Tool. A callable the agent can invoke. The current SDK separates several categories: hosted OpenAI tools (WebSearchTool, FileSearchTool, CodeInterpreterTool, HostedMCPTool, ImageGenerationTool, ToolSearchTool), local/runtime tools that need a local backing implementation (ComputerTool, ApplyPatchTool, ShellTool), local function tools decorated with @function_tool, MCP server tools, agents-as-tools (wrap another agent as a callable), and experimental categories such as Codex tools. Python function-tool argument schemas are derived from type hints; the TypeScript SDK uses Zod-based schema validation.

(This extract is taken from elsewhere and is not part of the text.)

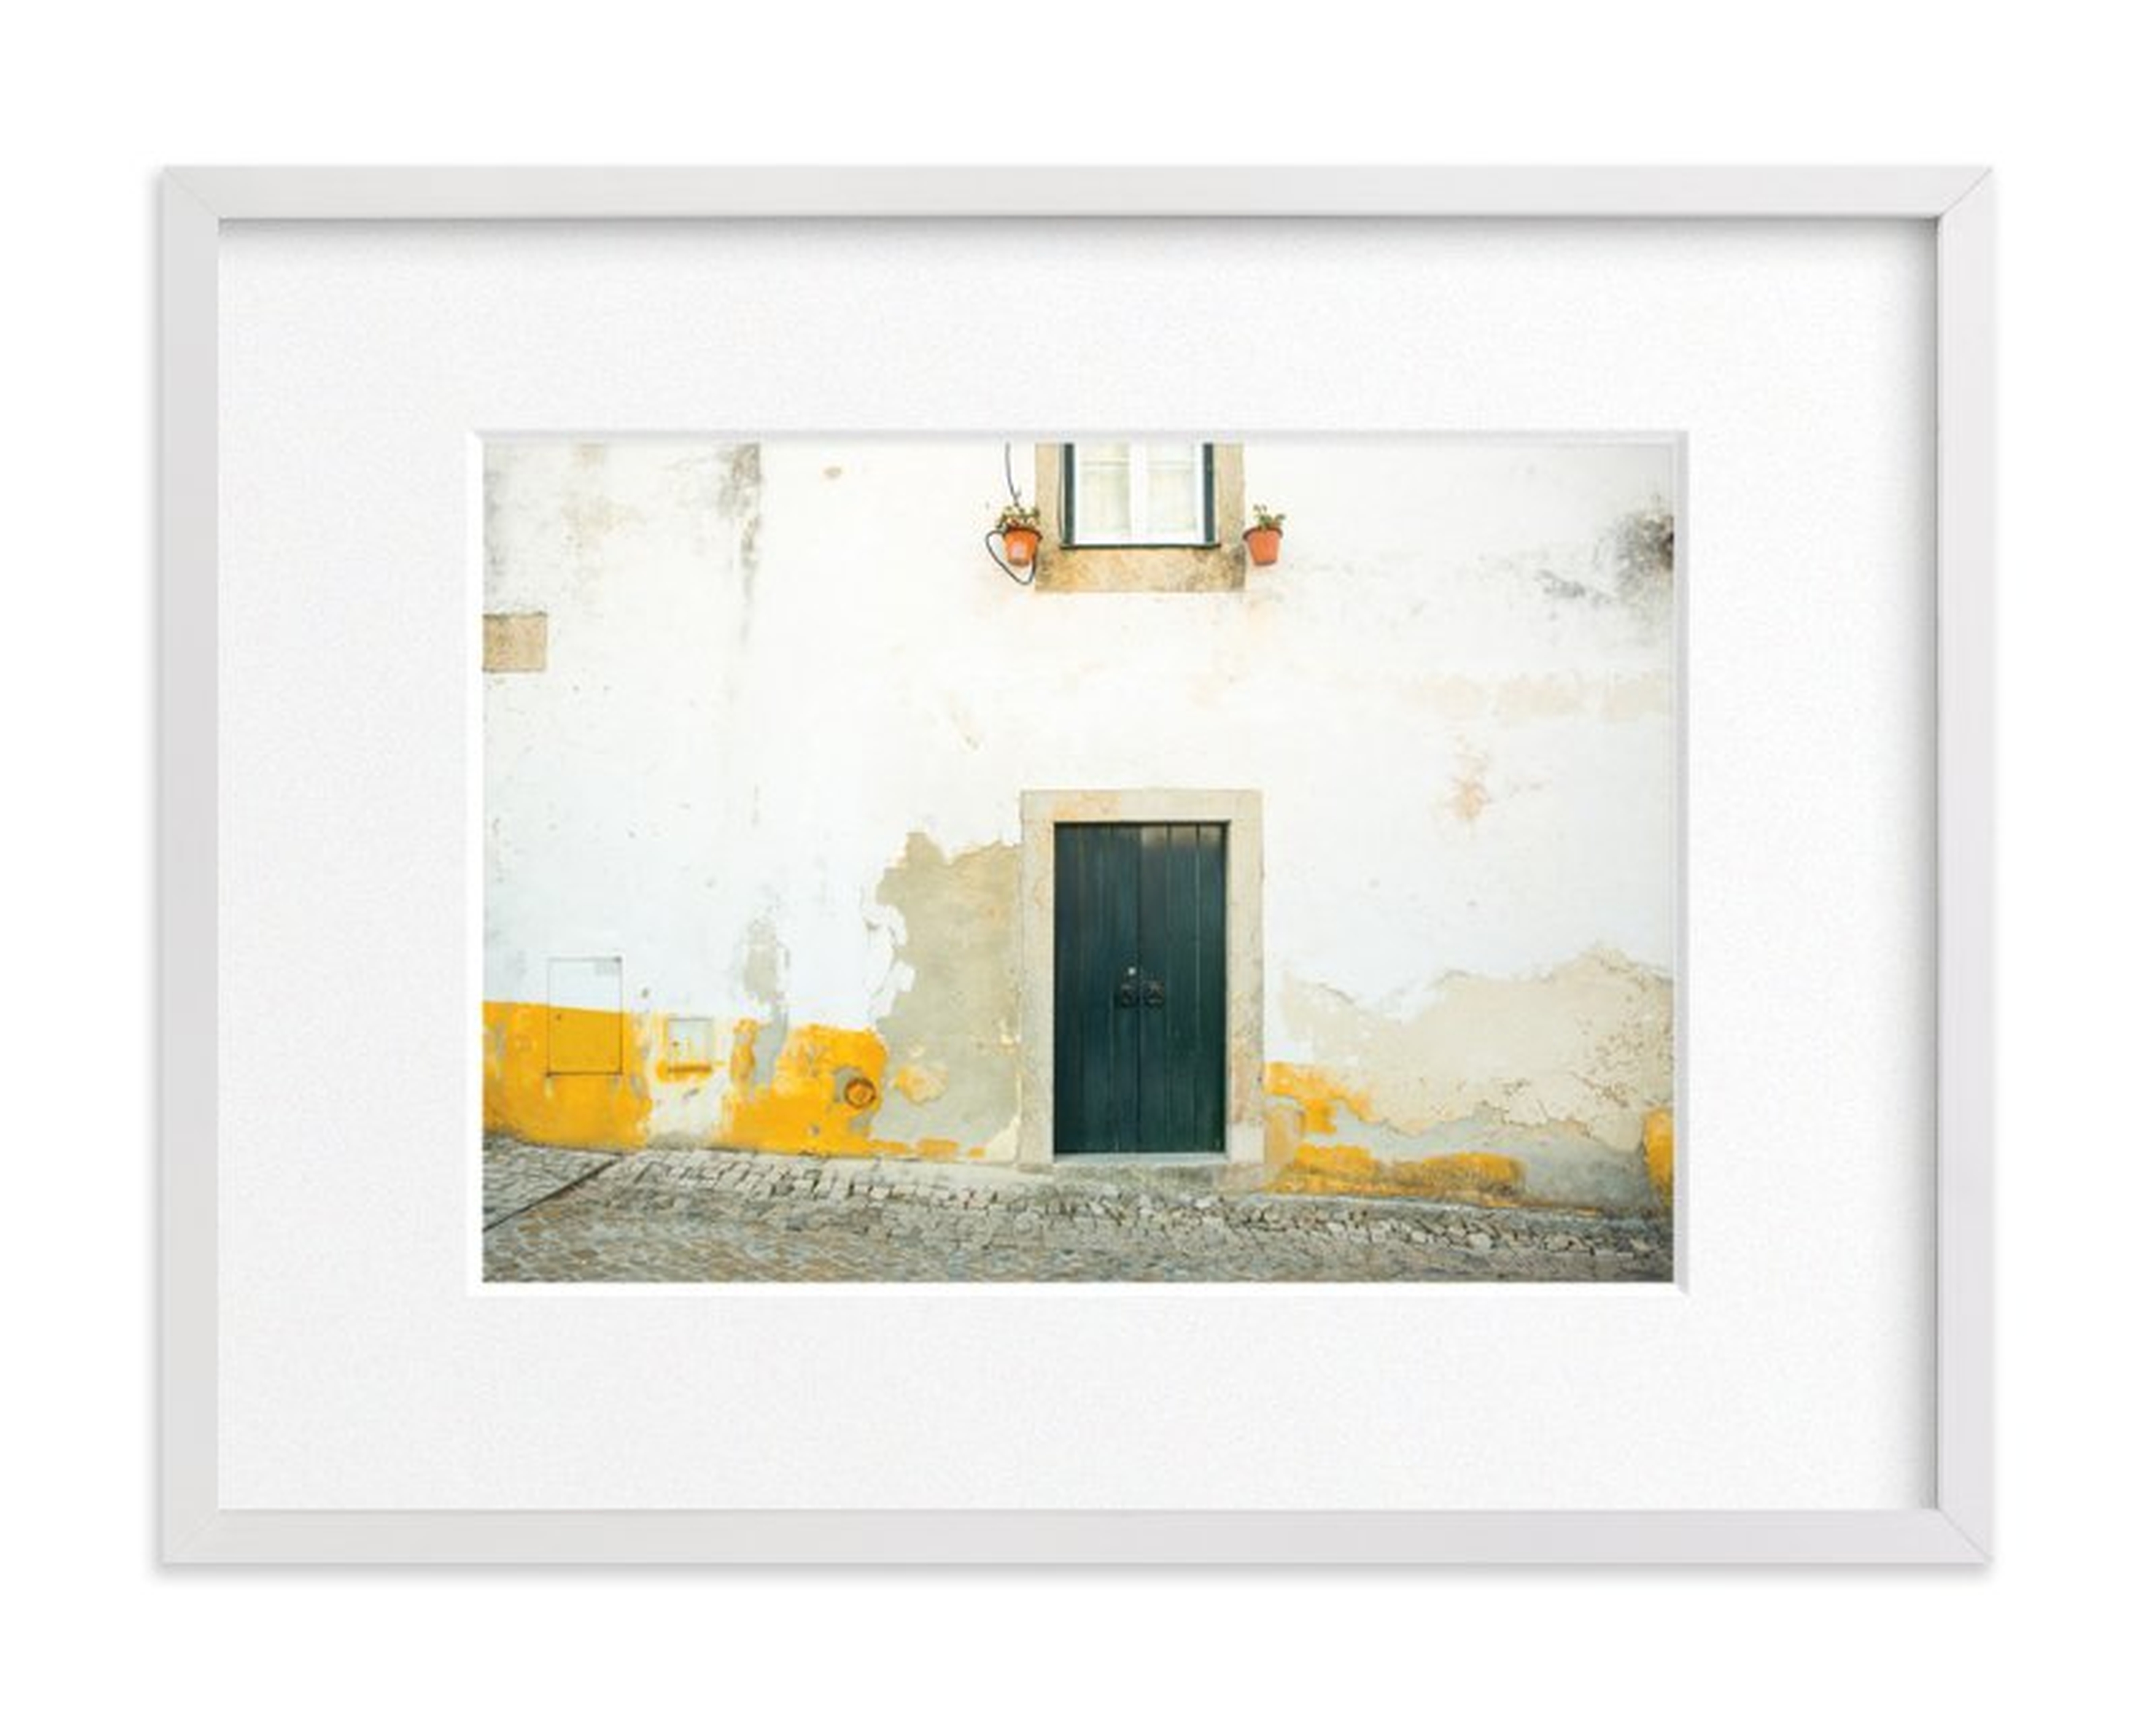 óbidos  - 18" x 24"-  white wood frame, white border - Minted
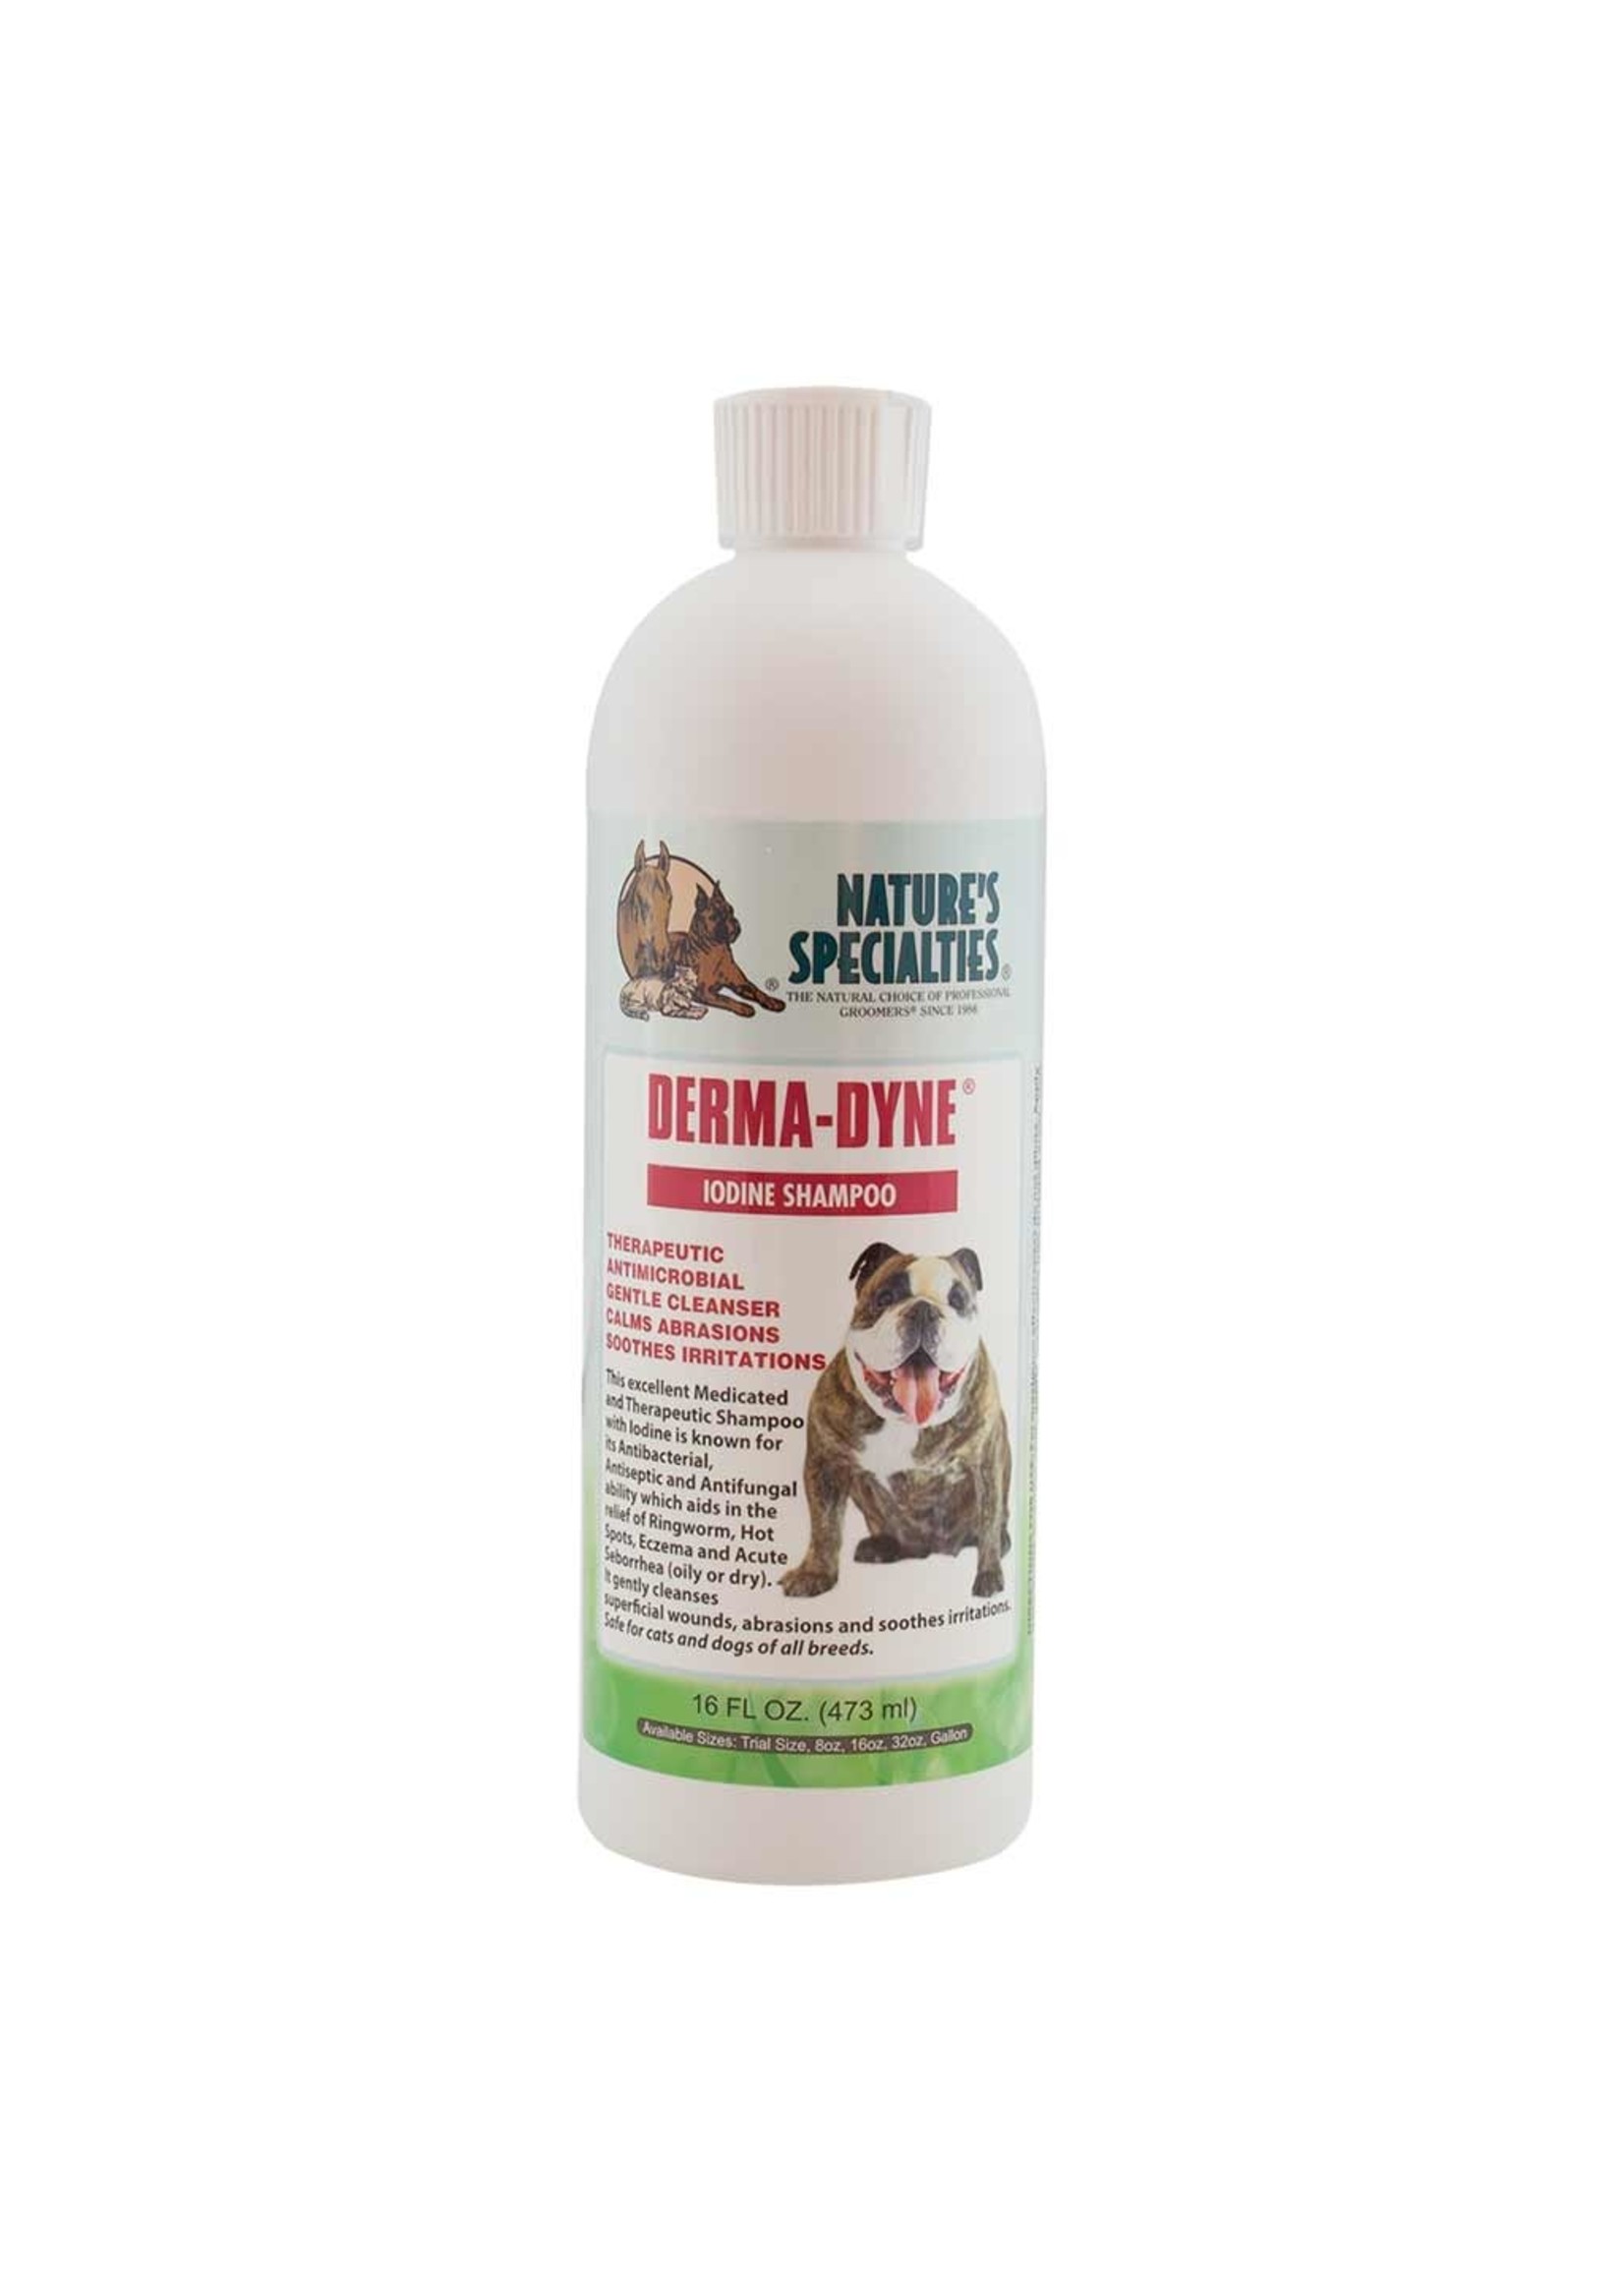 Nature's Specialties Nature's Specialties Derma- Dyne Iodine Shampoo 16fl oz

Handoff. Declared on an Agent’s handoffs list. The framework exposes each handoff as a transfer_to_<agent> tool. When the model calls it, the runner switches active agents.

Guardrail. A function returning a GuardrailFunctionOutput with a tripwire flag. Input guardrails check user input for the first agent in the run and can run in parallel with the model call by default or in blocking mode with run_in_parallel=False; output guardrails check the model’s final output and run after the agent produces it (no parallel mode); tool guardrails wrap function-tool invocations before or after the call.

Runner. The execution loop. Runner.run, Runner.run_sync, and Runner.run_streamed are the entry points. The runner manages the loop, dispatches tools, evaluates guardrails in parallel, handles handoffs, and produces a RunResult.

Session. A persistent conversation that retains message history across runs. Bundled implementations include SQLiteSession; you can subclass Session for custom storage. Sessions are how multi-turn conversations work without manually threading history.

output_type. An optional Pydantic model. When set, the agent’s final output is validated against the schema; malformed or schema-violating structured output raises ModelBehaviorError (separate from max_turns, which caps total AI invocations).

OpenAI Agents SDK in 30 lines

import asyncio
from agents import Agent, Runner, function_tool

@function_tool
def lookup_invoice(invoice_id: str) -> dict:
    """Return the invoice with the given id."""
    return {"id": invoice_id, "amount": 142.30, "status": "paid"}

billing = Agent(
    name="billing_specialist",
    instructions="You handle billing questions. Use lookup_invoice to fetch invoice data.",
    tools=[lookup_invoice],
)

triage = Agent(
    name="triage",
    instructions="Answer most questions. Hand off billing questions to billing_specialist.",
    handoffs=[billing],
)

async def main():
    result = await Runner.run(
        triage,
        "Why was my invoice INV-921 higher than last month?",
    )
    print(result.final_output)

asyncio.run(main())

The runner starts with the triage agent, the model decides to call transfer_to_billing_specialist, the runner switches active agents, the billing agent calls lookup_invoice, and the final answer comes from the billing agent.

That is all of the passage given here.